Every year, 18 million birds crash in Germany as a result of a collision with glass. In the meantime, this has become one of the biggest problems for our bird world, as building with glass has become an increasing trend.
Birds cannot recognize transparent glass and only see the environment behind it, which can be interesting for them. This often leads to unchecked collisions with the glass panes. Since some species fly rather low and others rather high, the height of the pane does not matter.
Glass must be made visible so that birds can perceive it as an obstacle. BUND only advises the use of non-transparent markings.
Translucent glass such as milk, pressed or ornamental glass as well as glass bricks can be used very well if only a certain incidence of light and not the entire view is desired.
Facades can be made visible to birds in many ways, e.g. by sun protection systems (Brise soleil) made of materials such as textiles, foils, metal, wood, perforated tarpaulins or opaque glass.
If reflective or transparent glass is nevertheless to be used, care should be taken to ensure that the markings for full protection are applied to both sides of free-standing glass panes (e.g. passenger shelters).
For private use, fly screens, waterproof glass paints or curtains with cords are an inexpensive alternative.

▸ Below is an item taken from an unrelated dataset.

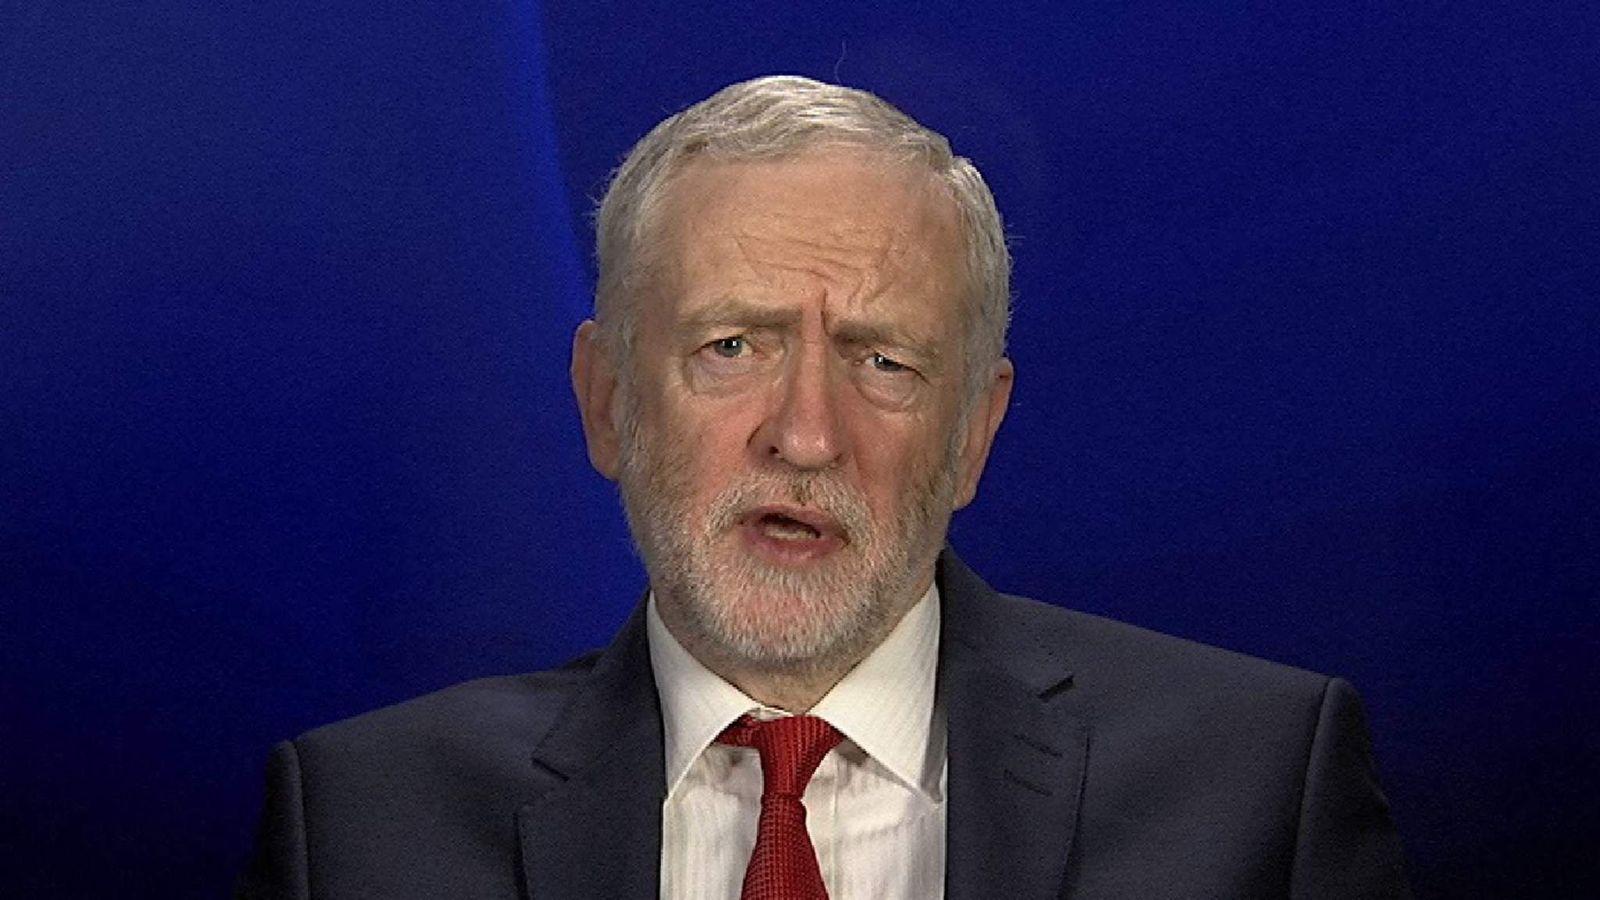 Jeremy Corbyn's Response To Ian Duncan Smith's Resignation

The “bird friendliness” of the samples is classified by the number of wild birds flying in a flight tunnel to the sample disc instead of the reference disc. BUND recommends the “highly effective” patterns as listed in the following examples:
Dots on the Eifelplatz in Cologne:
Pattern on a noise barrier at a residential complex in Düsseldorf:
Individually designed patterns
You can see bird silhouettes everywhere, but they don’t help against bird strike. Although they are a selective obstacle, they still cannot perceive the rest of the glass. The colour of the silhouettes doesn’t matter either.
They also do not act as predators as desired and do not frighten the birds, so they would avoid the panes. This theory has already been refuted several times. The only effective variant is, if they are stuck with a distance of 10 cm on the whole surface.
Since UV light is not visible to all bird species, UV reflective patterns do not provide sufficient protection. In artificial lighting, in the evening and at night, UV light cannot be reflected and under certain lighting conditions the reflections of the markings are superimposed by the reflections of the panes.
Further detailed information can be found in the BUND brochure “Vogelschlag an Glas“.